[Start of Attachment]
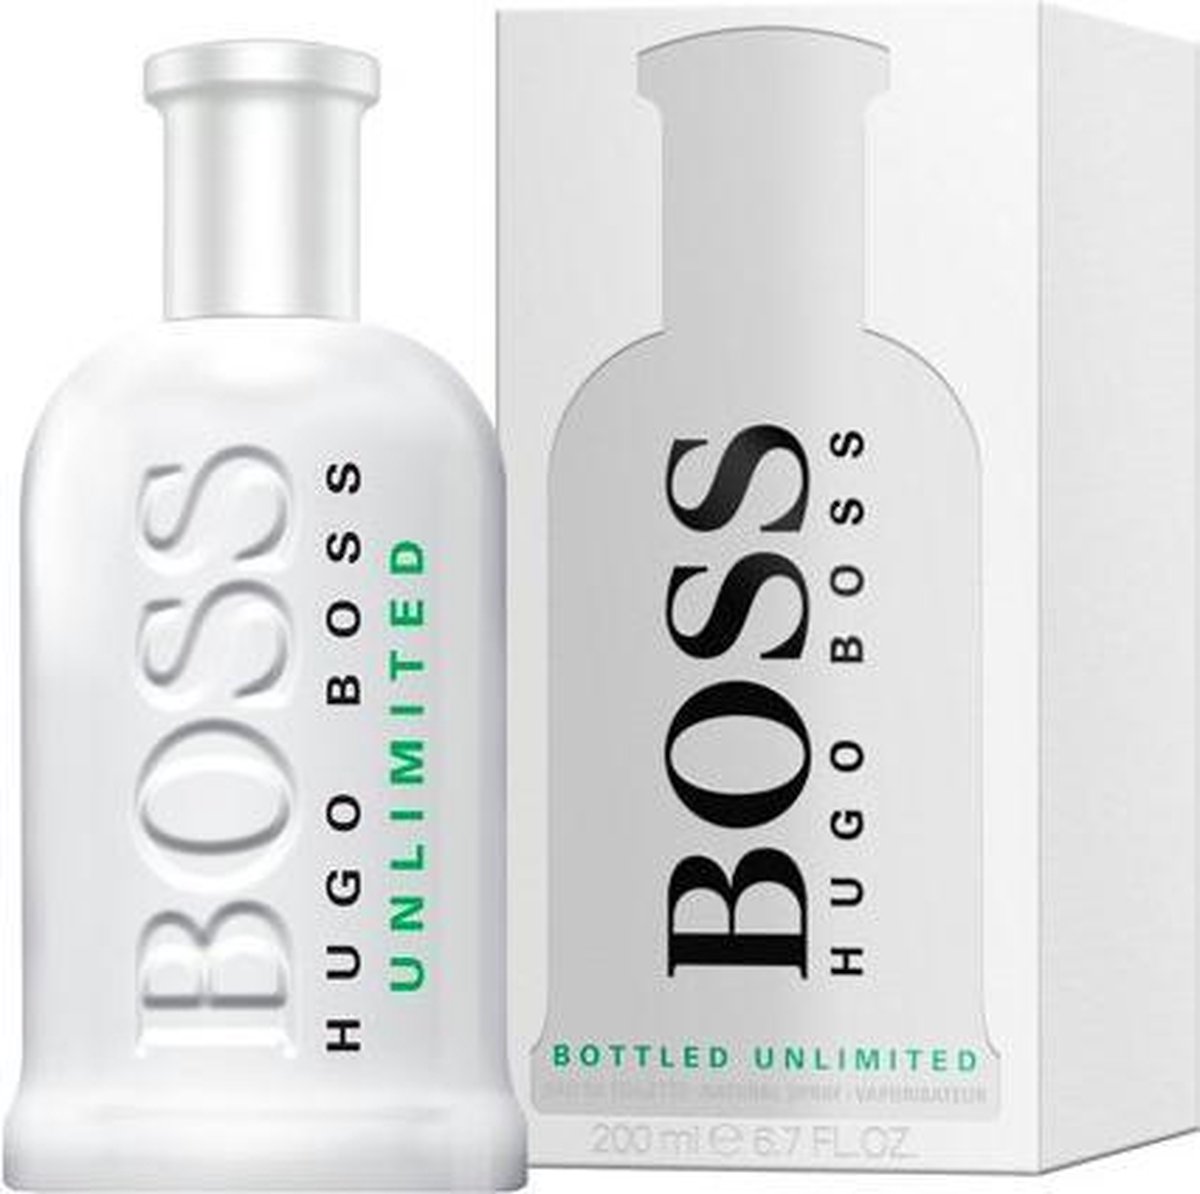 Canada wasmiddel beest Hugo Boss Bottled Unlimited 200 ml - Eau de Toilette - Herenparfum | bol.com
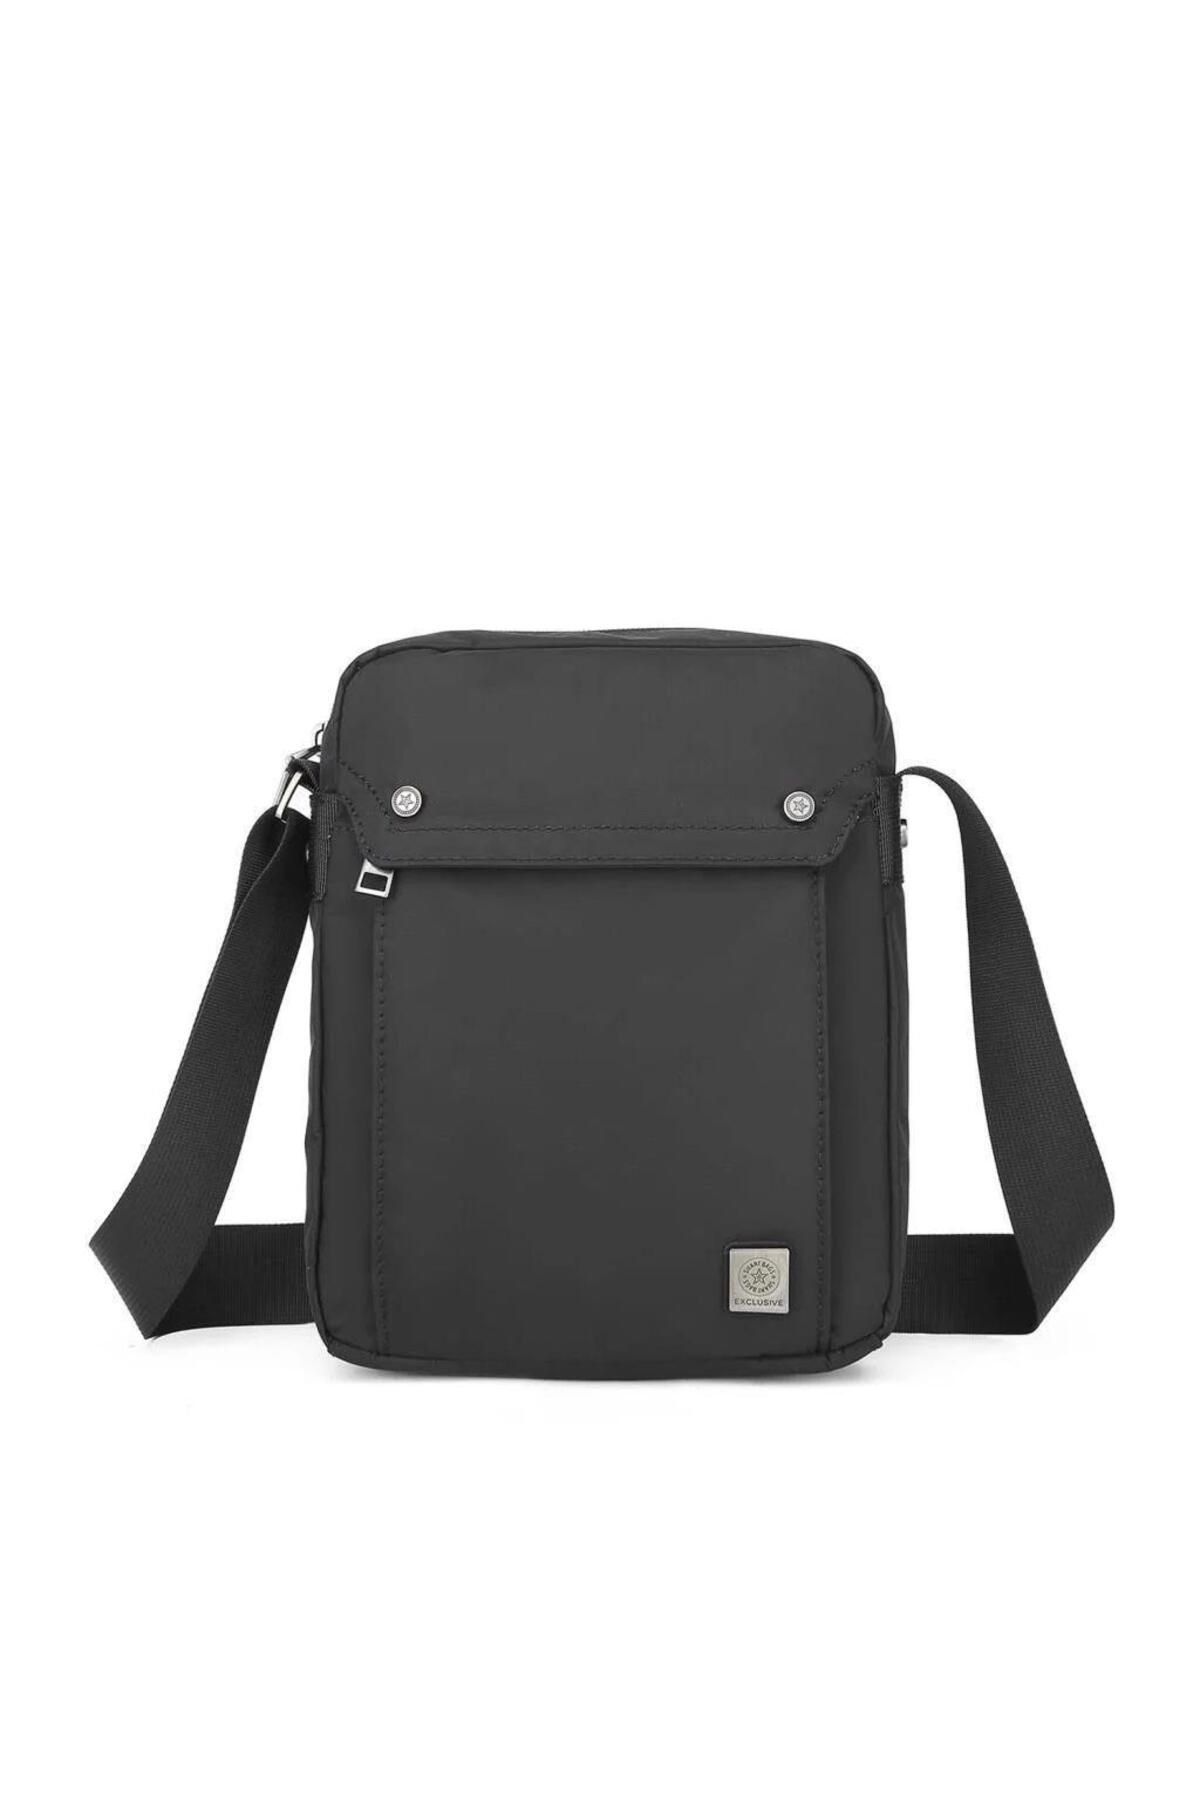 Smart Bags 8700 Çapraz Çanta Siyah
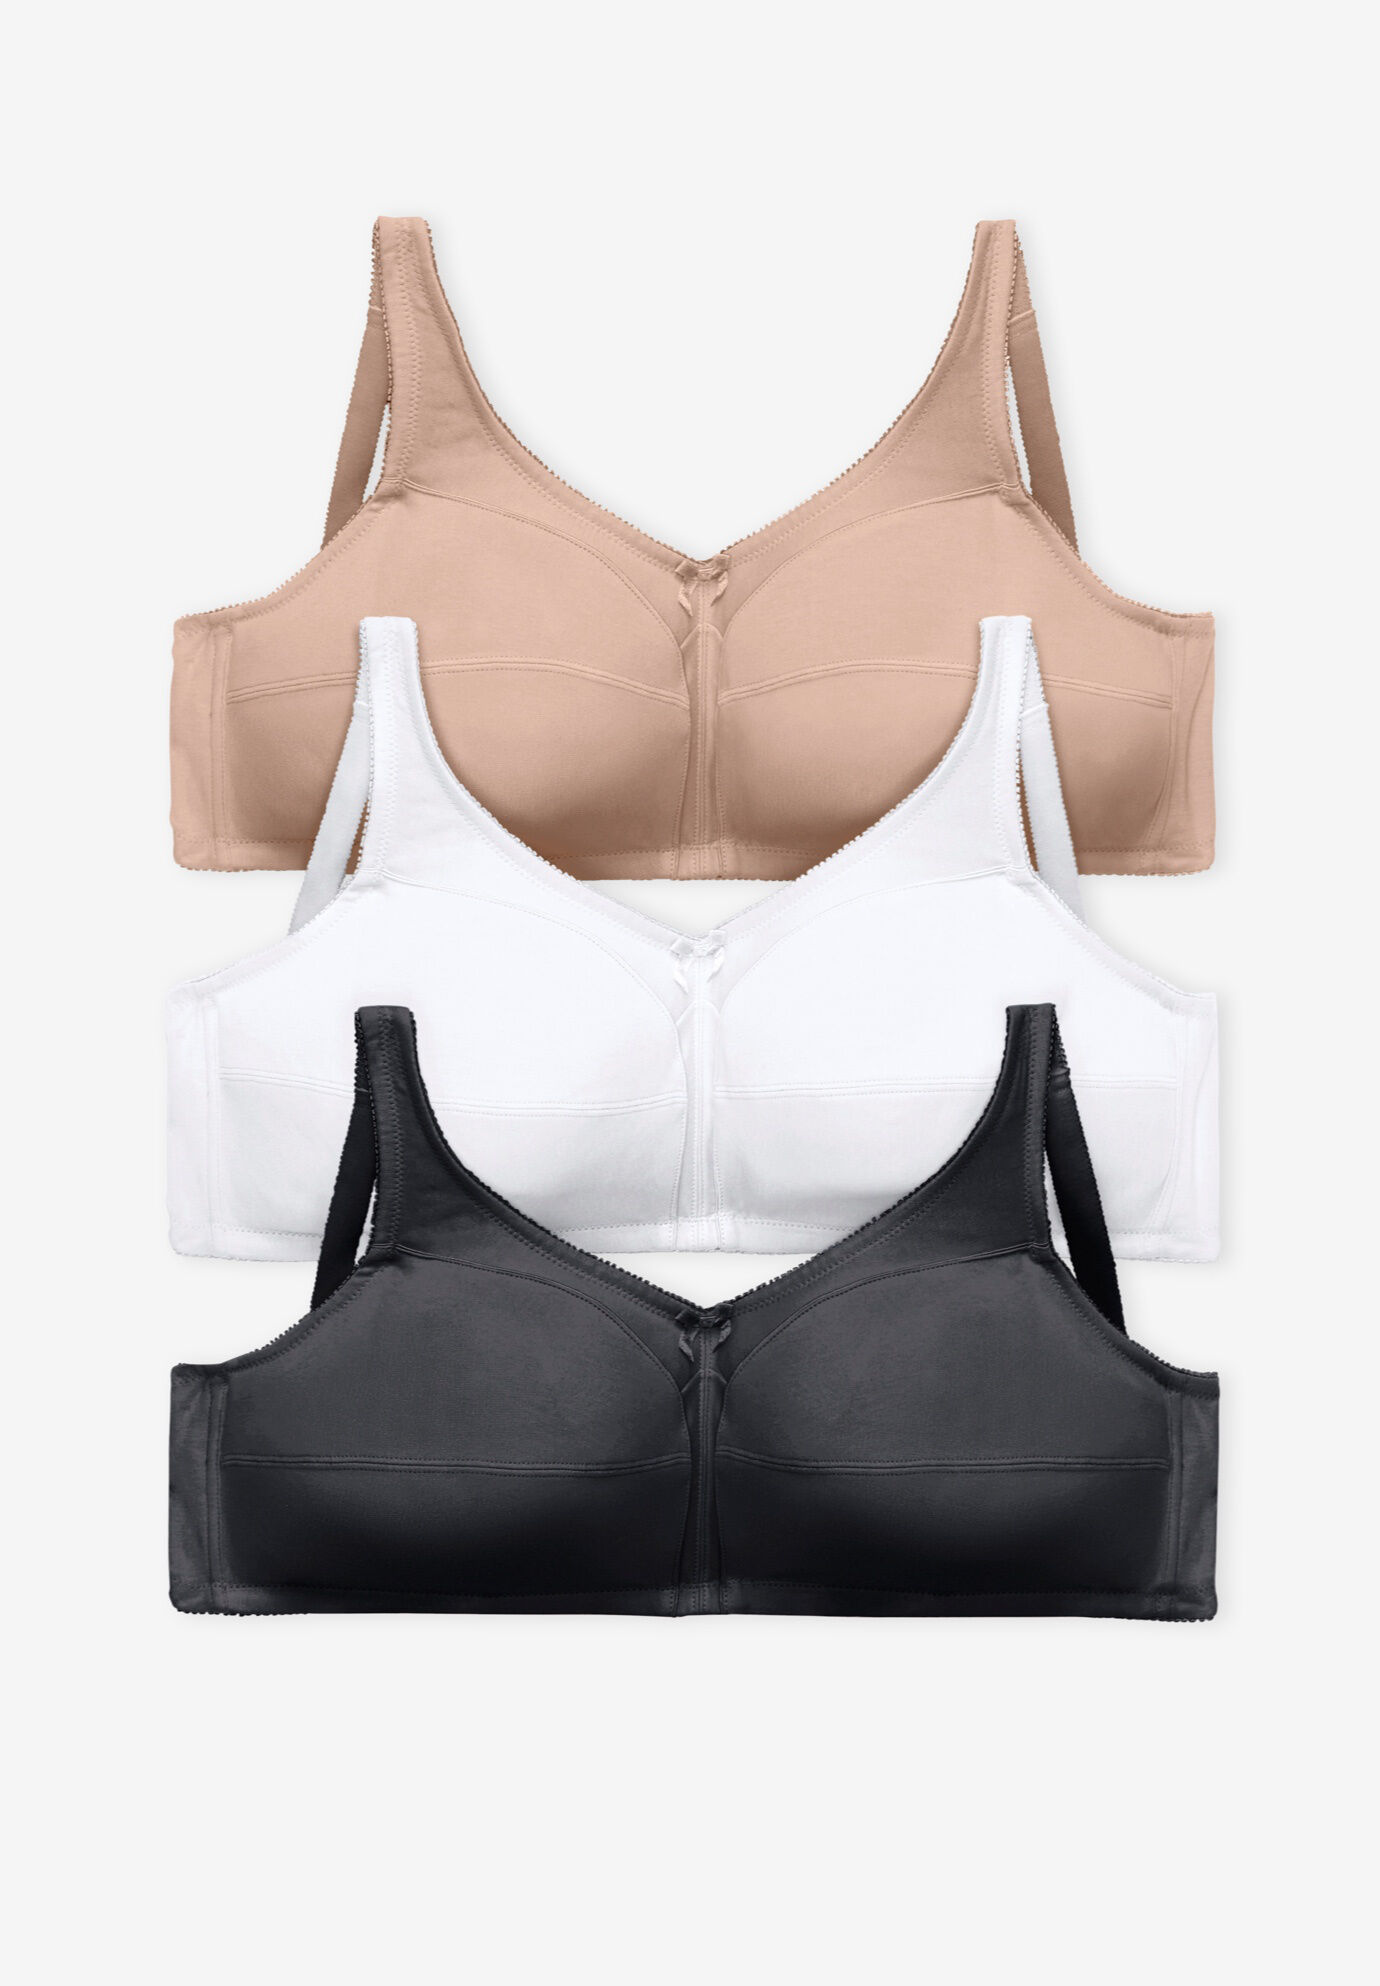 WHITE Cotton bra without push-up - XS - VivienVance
[End of Attachment]
Output all the material verbatim, skipping every image.

• Exercise response:
 Canada wasmiddel beest Hugo Boss Bottled Unlimited 200 ml - Eau de Toilette - Herenparfum | bol.com
 Smart Bags 8700 Çapraz Çanta Siyah
 WHITE Cotton bra without push-up - XS - VivienVance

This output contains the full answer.